The decomposition process allows us to work with simpler rational functions, such as \( \frac{1/2}{u} + \frac{1/2}{2+u} \). These simpler fractions are much easier to integrate. Rational functions frequently require methods like substitution or partial fraction decomposition for integration.
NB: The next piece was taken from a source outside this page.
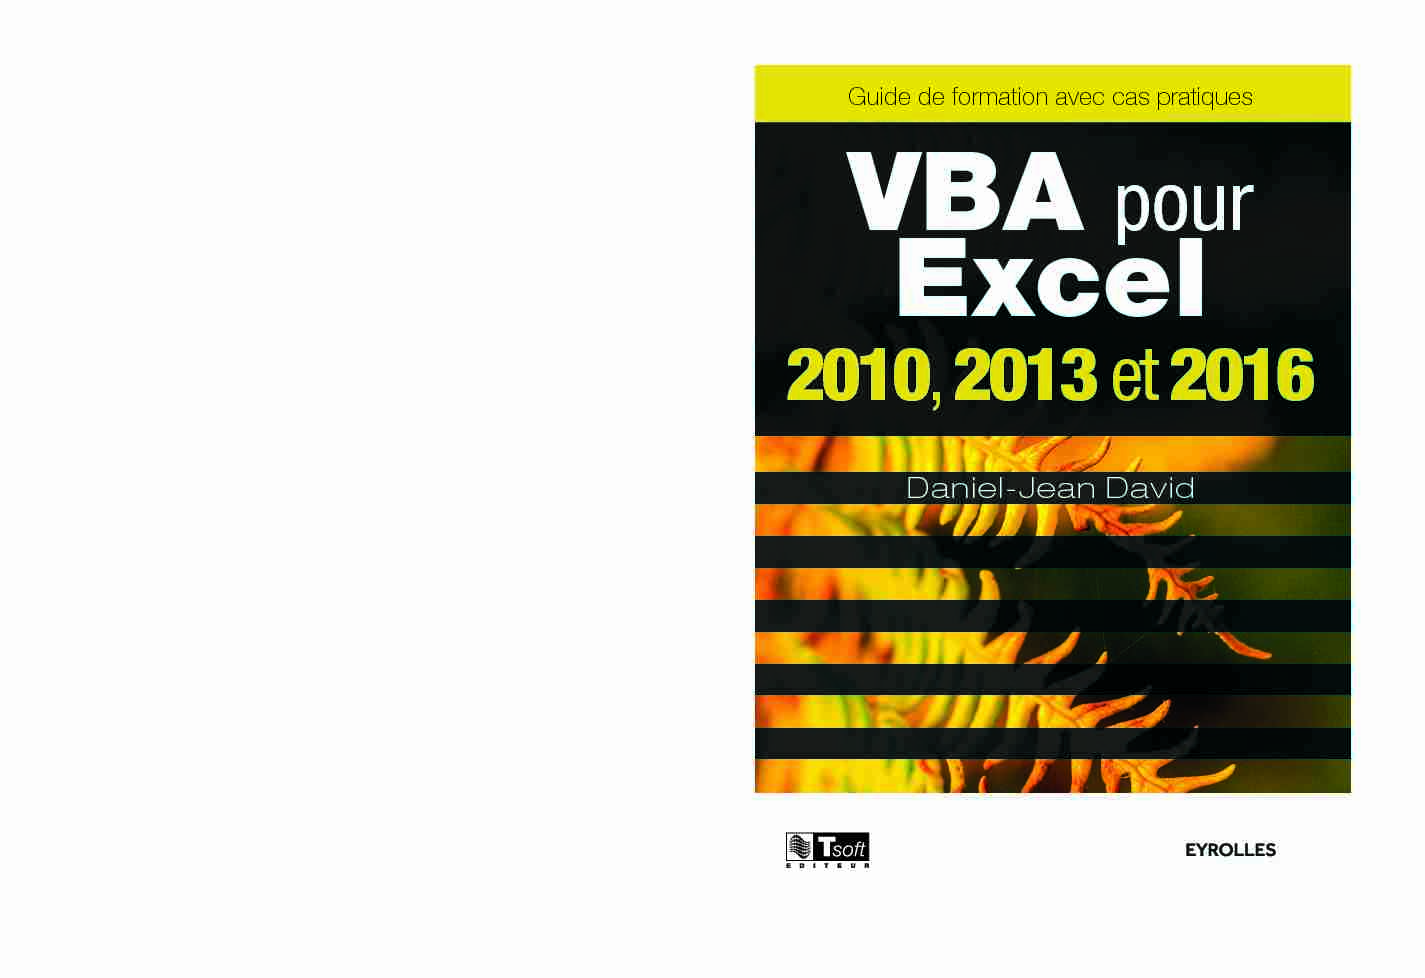 VBA pour Excel 2010 2013 et 2016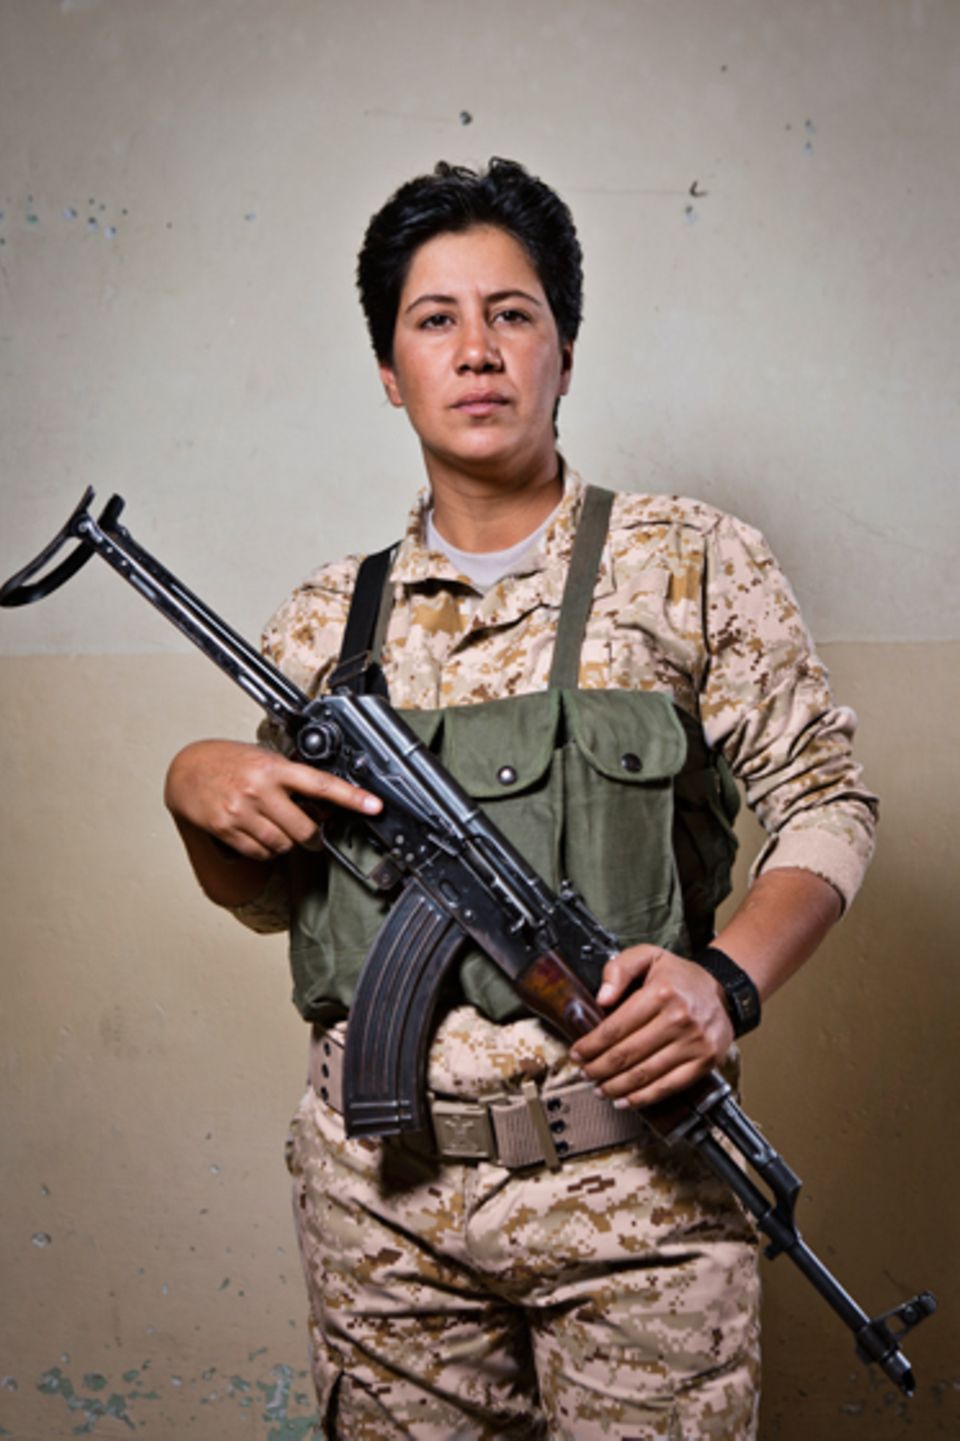 Politik: Sheyma Muheddin posiert mit ihrer AK47 – einer Kalaschnikow.

• Simplify complex fractions into manageable parts.
• Use algebraic methods to work through function transformations.
• Apply integration techniques to each part separately for solution finding.

Logarithmic Integration

Logarithmic integration is a technique used when integrating fractions where the denominator is a simple linear term. Once we decompose \( \frac{1}{u(2+u)} \) into partial fractions, each fraction is of a form that can be integrated using basic rules of integration involving logarithms.
Integrate each part separately: \( -\frac{1}{2} \int \frac{1}{u} \, du \) and \( -\frac{1}{2} \int \frac{1}{2+u} \, du \). These integrals result in \(-\frac{1}{2} \ln|u|\) and \(-\frac{1}{2} \ln|2+u|\), respectively.
Finally, these results are combined to form the solution \( -\frac{1}{2} (\ln |u| + \ln |2+u|) \), simplified to \( -\frac{1}{2} \ln |u(2+u)| + C \).
When transformed back to the original variables, the final expression involves logarithms, showing how logarithmic integration simplifies and completes the integration process for these kinds of rational functions.

• Simplify fractions into forms suitable for logarithmic integration.
• Apply basic logarithmic integration rules to each term.
• Re-substitute original variables at the end of integration.